These are reasonably good examples of the process of testing a hypothesis. It is summarized as follows:

  1. You start with an assumption.
    1. a.  The whole cake is good in the first example.
    2. b.  Overall, the gender ratio is 50 percent in the second example.
  2. You take a sample that represents the population.
    1. c.  You try a piece of cake in the first example.
    2. d.  You look at 100 customers in the second example.
  3. You do some kind of test on the sample gathered in step 2.
    1. e.  You test the piece of cake by putting it in your mouth.
    2. f.  You actually count the number of male and female customers in the sample.
  4. You make a final interpretation and inference based on the testing of random samples.
    1. g.  You make a decision about whether the cake is good or bad.
    2. h.  You make an inference about whether the gender ratio is really 50 percent or not.

What Is the Process of Testing a Hypothesis?

Testing a hypothesis is a process similar to the examples discussed in the previous section. Using this process you make inferences about the overall population by conducting some statistical tests on a sample. You are making statistical inferences on the population parameter using some test statistic values from the sample. You can refer to Chapter 5 for more about population, parameters, samples, and statistics, but here is a quick recap (see also Figure 8-1):

  • Population: Population is the totality, the complete list of observations, or the complete data about the subject under study. Examples are all the credit card users or all the employees of a company.
  • Sample: A sample is a subset of a population or a small portion collected from a population. Examples are credit card users between 20 and 30 years old and employees who are part of the HR team.
  • Parameter: Any measure that is calculated on the population is a parameter. Examples are the average income of all credit card users and the average income of all the employees in your company.
  • Statistic: Any measure that is calculated on the sample is a statistic. Examples are the average income of a sample from credit card users (users between 20 and 30 years old) and the average income of HR team employees.

9781484200445_Fig08-01.jpg

Figure 8-1. Parameter and statistic

In inferential statistics, you make an assumption about the population. That assumption is called the hypothesis (the null hypothesis to be precise). You take a sample and calculate a test statistic, and you expect this test statistic to fall within certain limits if the null hypothesis is true.

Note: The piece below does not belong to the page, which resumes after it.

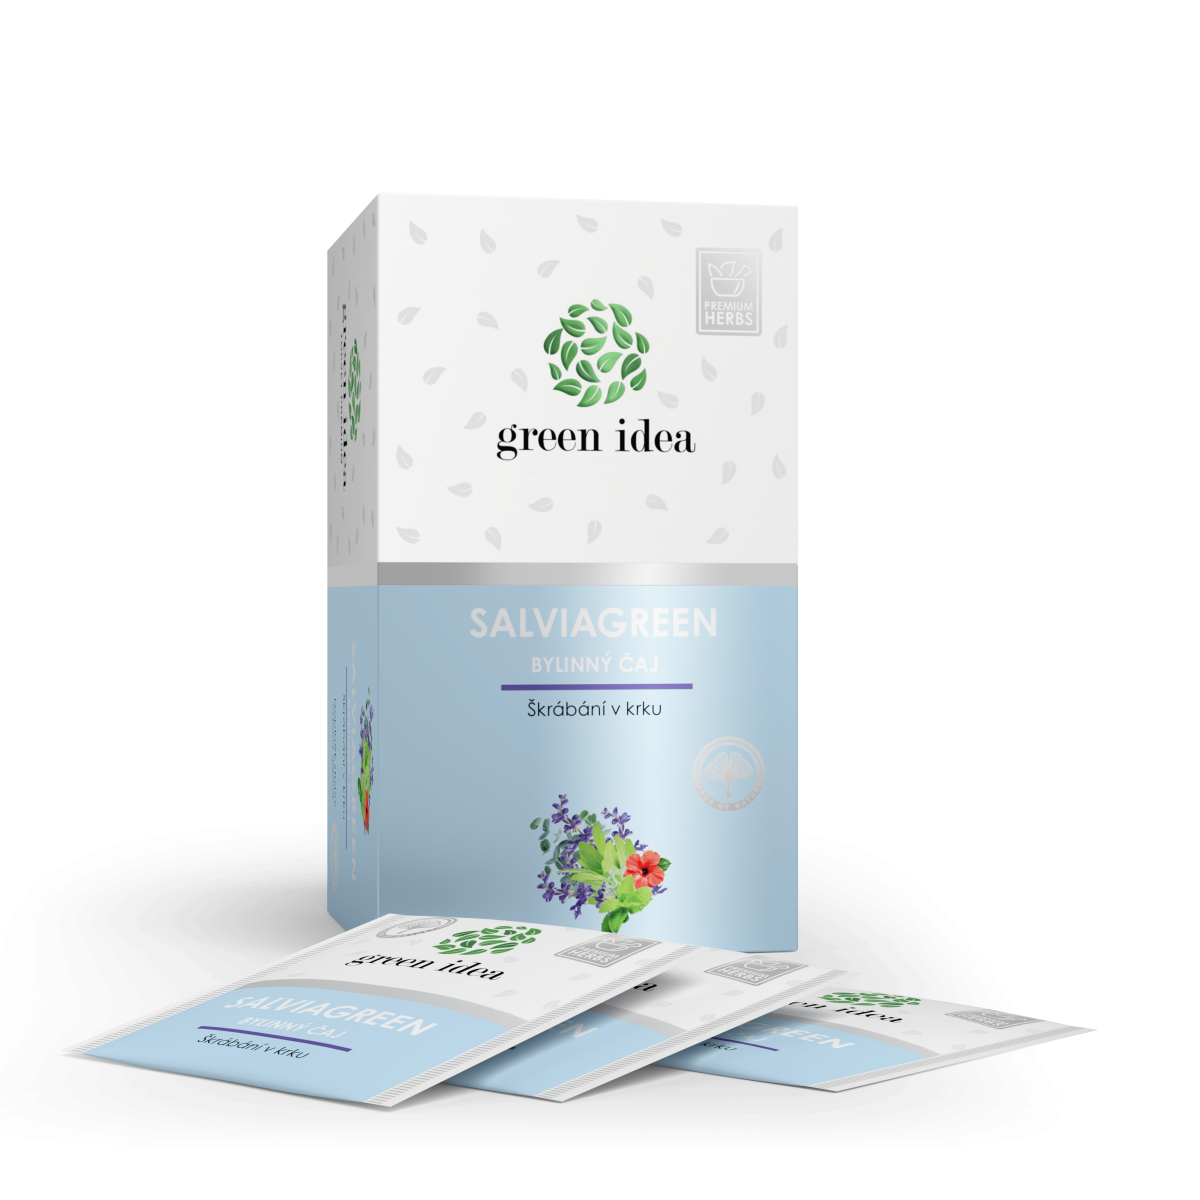 Herbex Salviagreen - bylinný čaj

Table 8-1 contains a few more examples involving the process of testing a hypothesis.

Table 8-1. Examples of Testing a Hypothesis

Tab1

Up to now, we’ve talked about framing the null hypotheses, taking a random sample, sampling the distribution, calculating the probability, and finally making an inference on the population. Figure 8-2 illustrates the main steps involved in the process of testing a hypothesis.

9781484200445_Fig08-02.jpg

Figure 8-2. An overview of steps involved when testing a hypothesis

Here are the steps again:

  1. State the null hypothesis on the population. Start with an assumption or hypothesis.
  2. Select the sample and sampling distribution.
  3. Calculate the test statistic value.
  4. Make a final inference based on the test statistic results.

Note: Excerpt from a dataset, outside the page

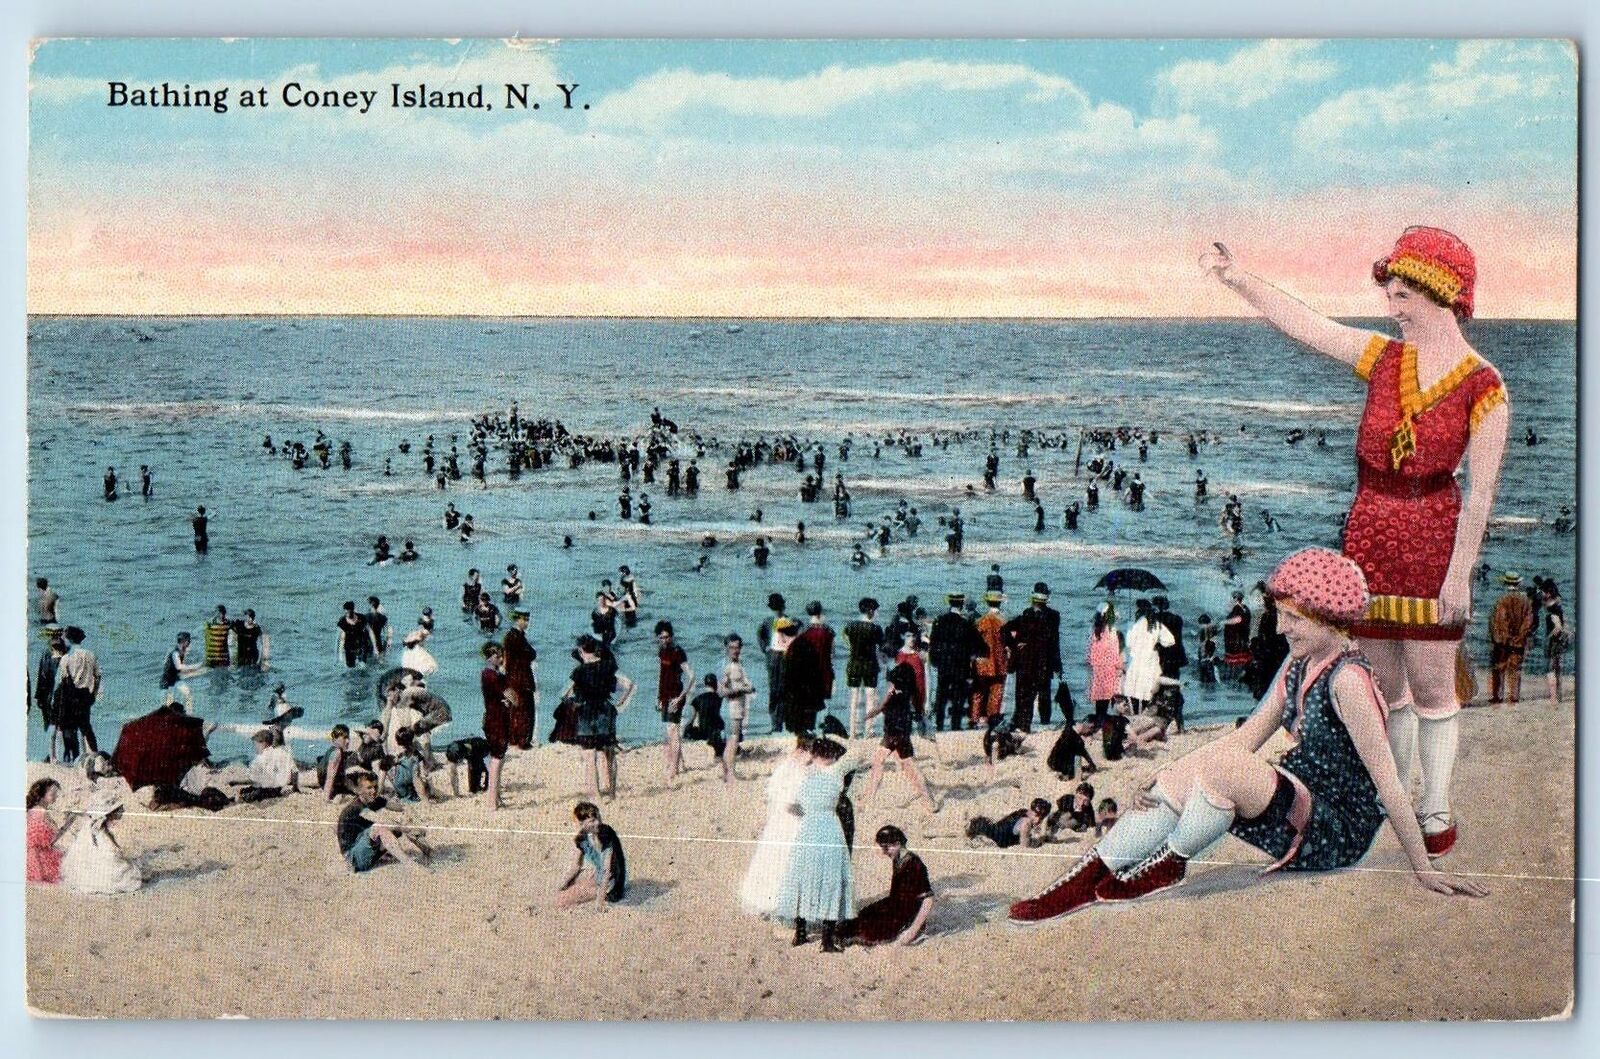 Coney Island New York NY Postcard Scene Of People Bathing Beach c1920's Antique

Here’s a short business case study to help you understand the process of testing a hypothesis. A soap production company claims that the average weight of soap is 250 grams, and the population has a standard deviation of 5 grams. You want to test this by taking a sample of 50 bars of soap. You need to note that the soaps are priced based on the assumption that they weigh 250 grams. Anything more than 250 grams is a loss to the company. If the average weight is significantly less than 250 grams, then the company loses its customers; if it is greater than 250 grams, then the company is pricing its soap too low. In this case study, you can test a hypothesis to verify that the average weight of the bars of soap is 250 grams. Imagine that you take a sample of 50 soap bars and the sample average weight is 260 grams. Now the question is, should you accept or reject the null hypothesis?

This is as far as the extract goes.